Exercise directions »
Reproduce the listing that follows character for character, excluding its pictures.

Data below »
↓↓↓

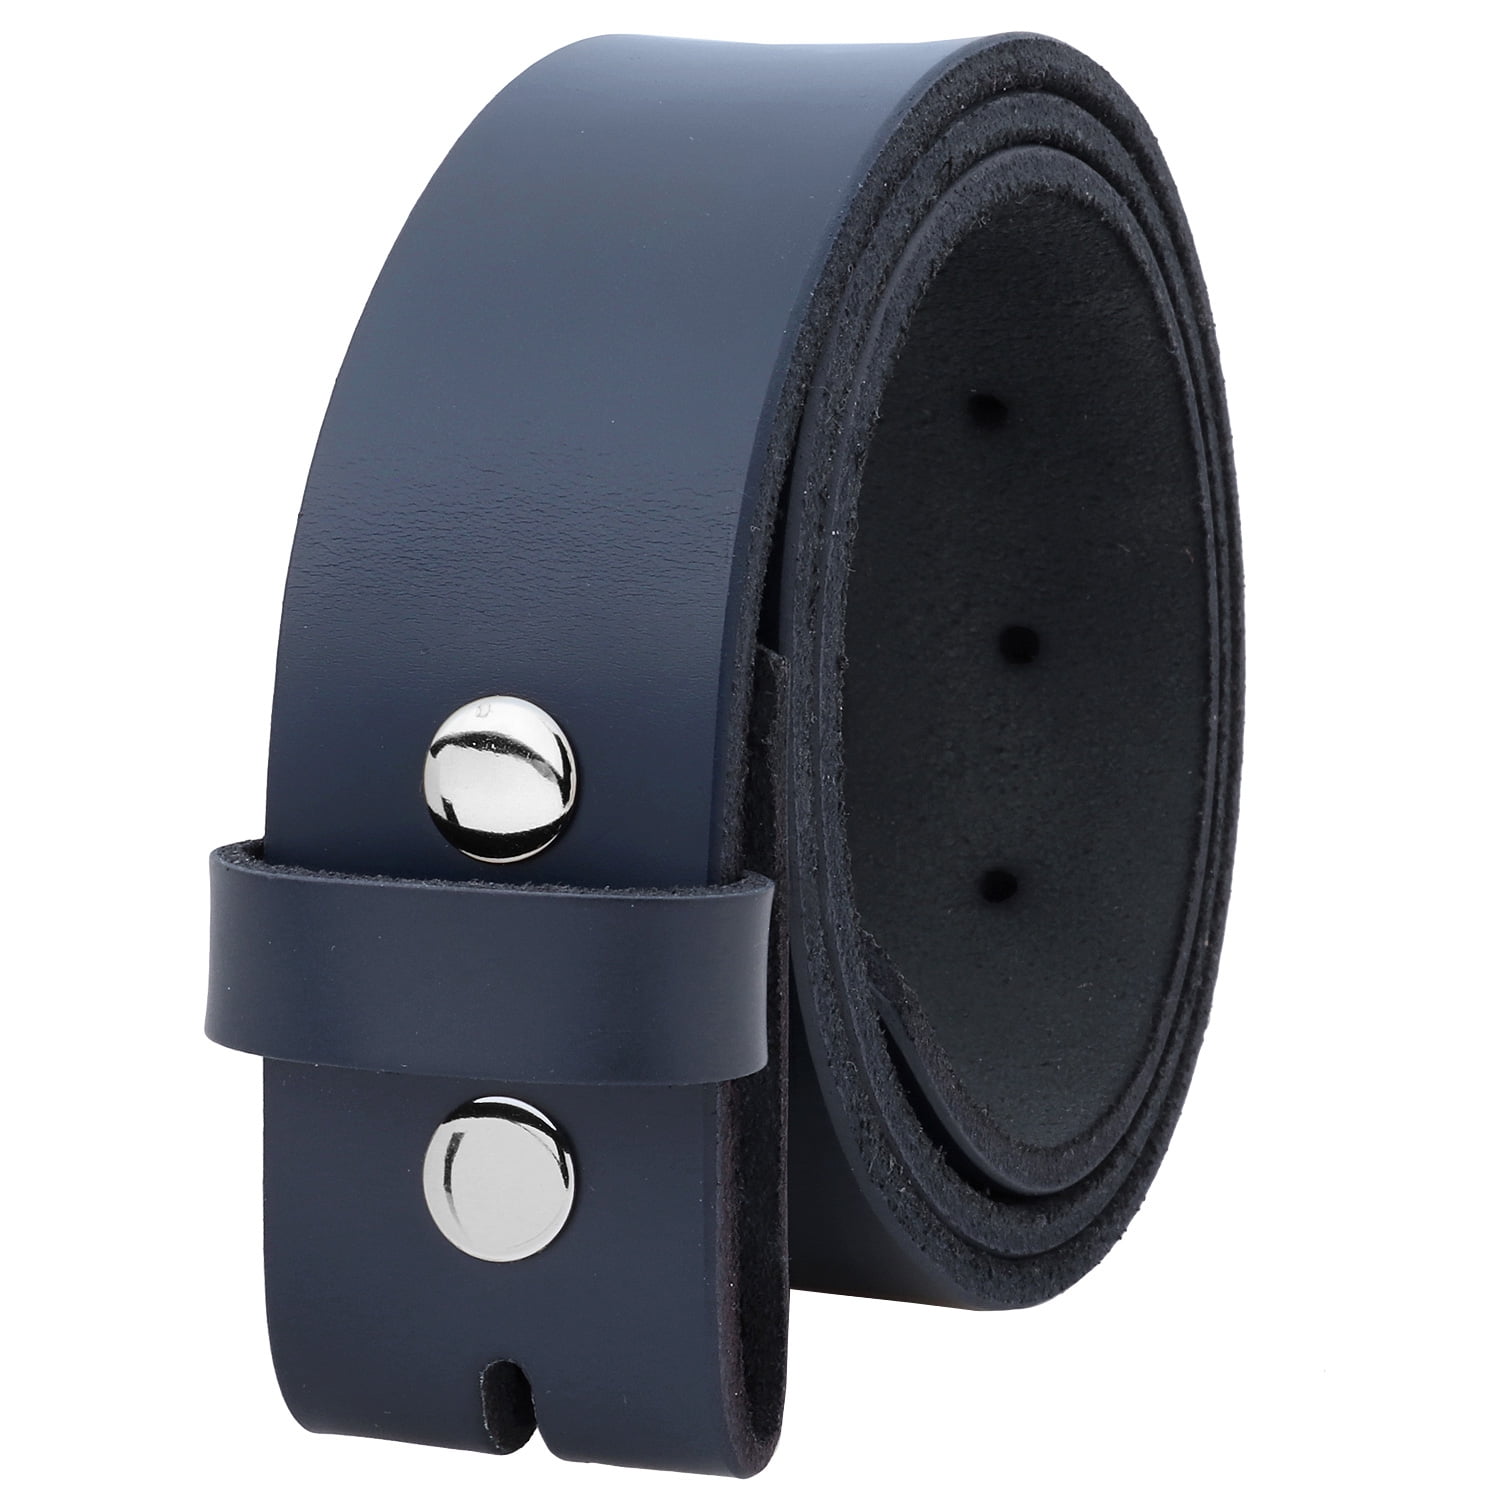 without Buckle 40mm Men's Replacement Leather Waist Belt 1.5 inch wide
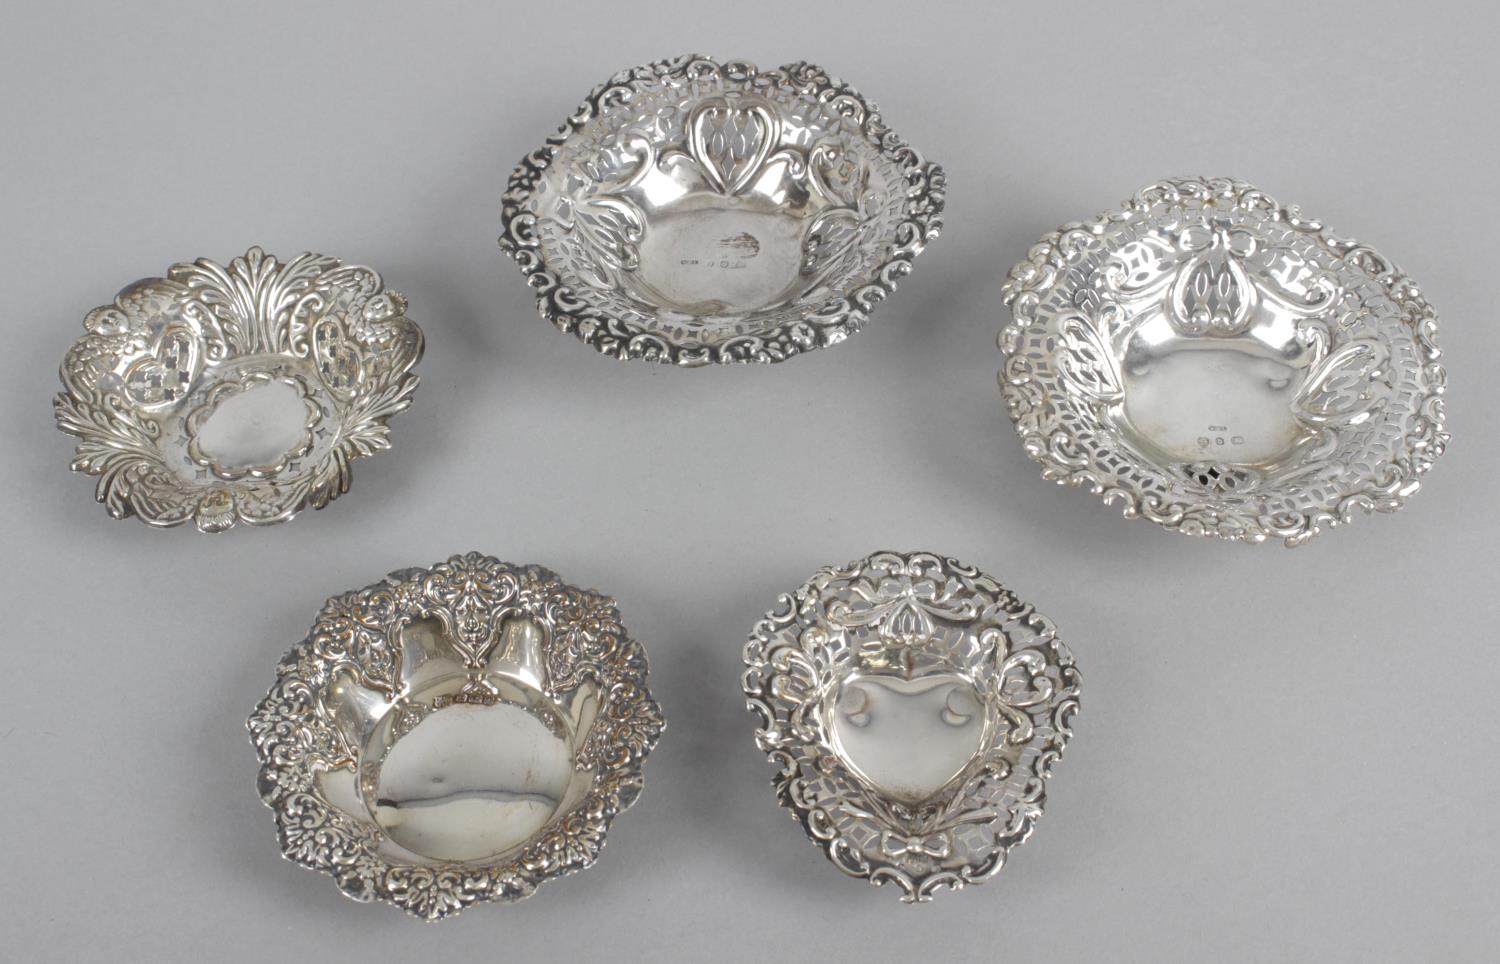 A selection of small pierced or embossed silver dishes, - Image 3 of 4
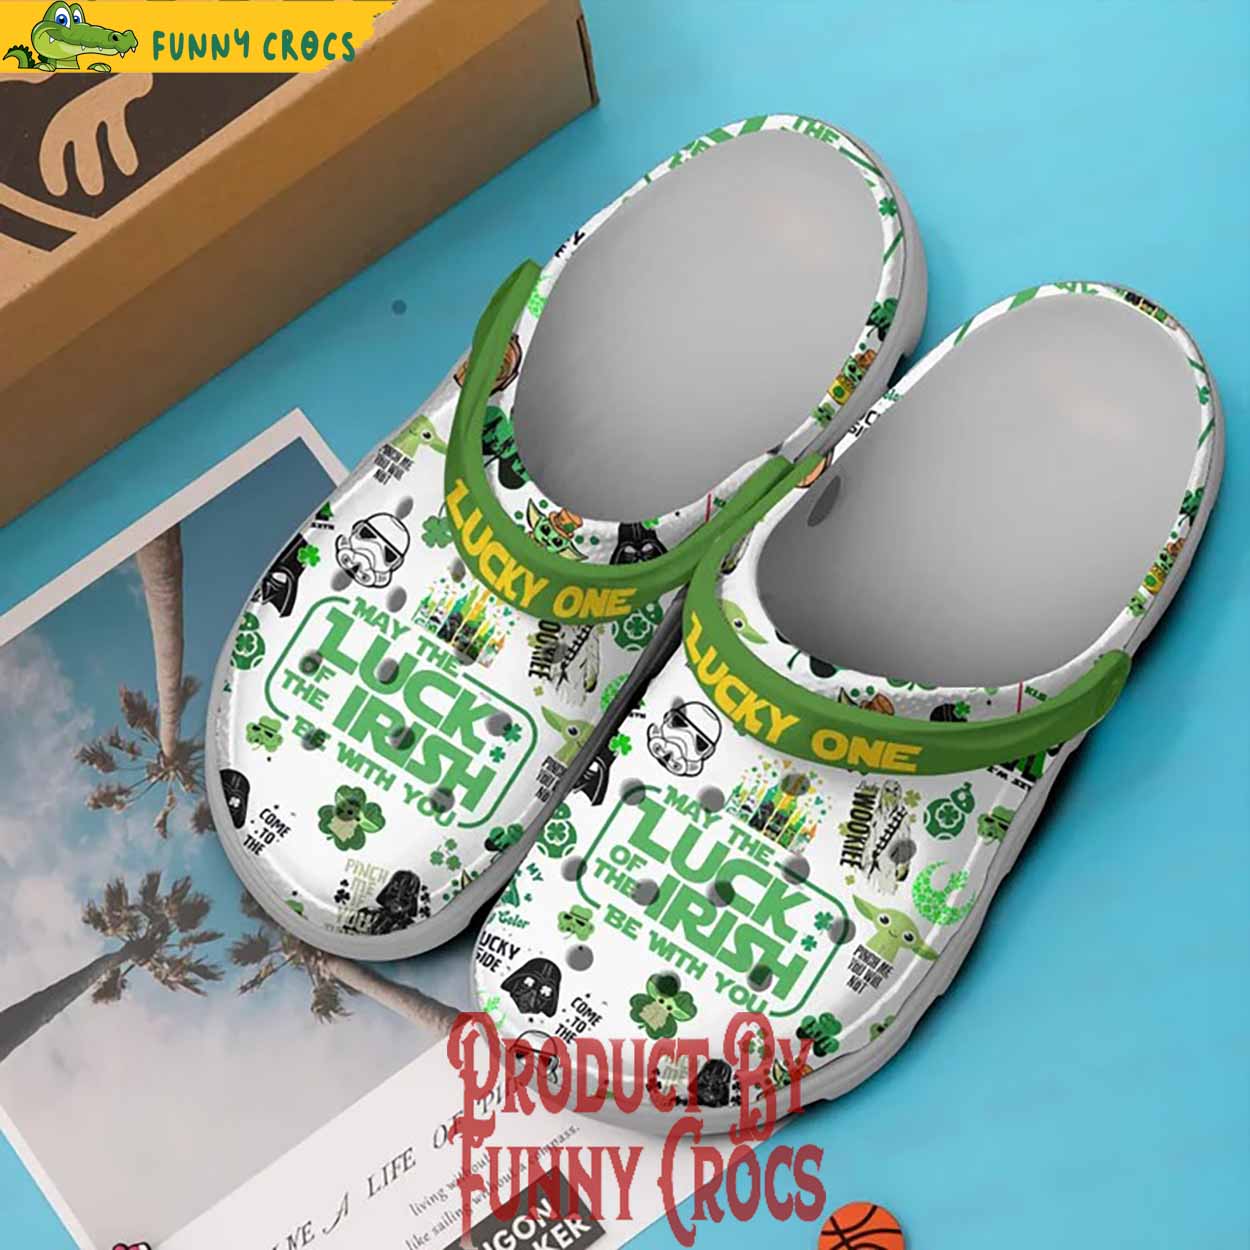 May The Luck Of The Irish Be With You Star Wars St. Patrick's Day Crocs Shoes

↑↑↑

Response for this exercise »
 without Buckle 40mm Men's Replacement Leather Waist Belt 1.5 inch wide
 A selection of small pierced or embossed silver dishes, - Image 3 of 4
 May The Luck Of The Irish Be With You Star Wars St. Patrick's Day Crocs Shoes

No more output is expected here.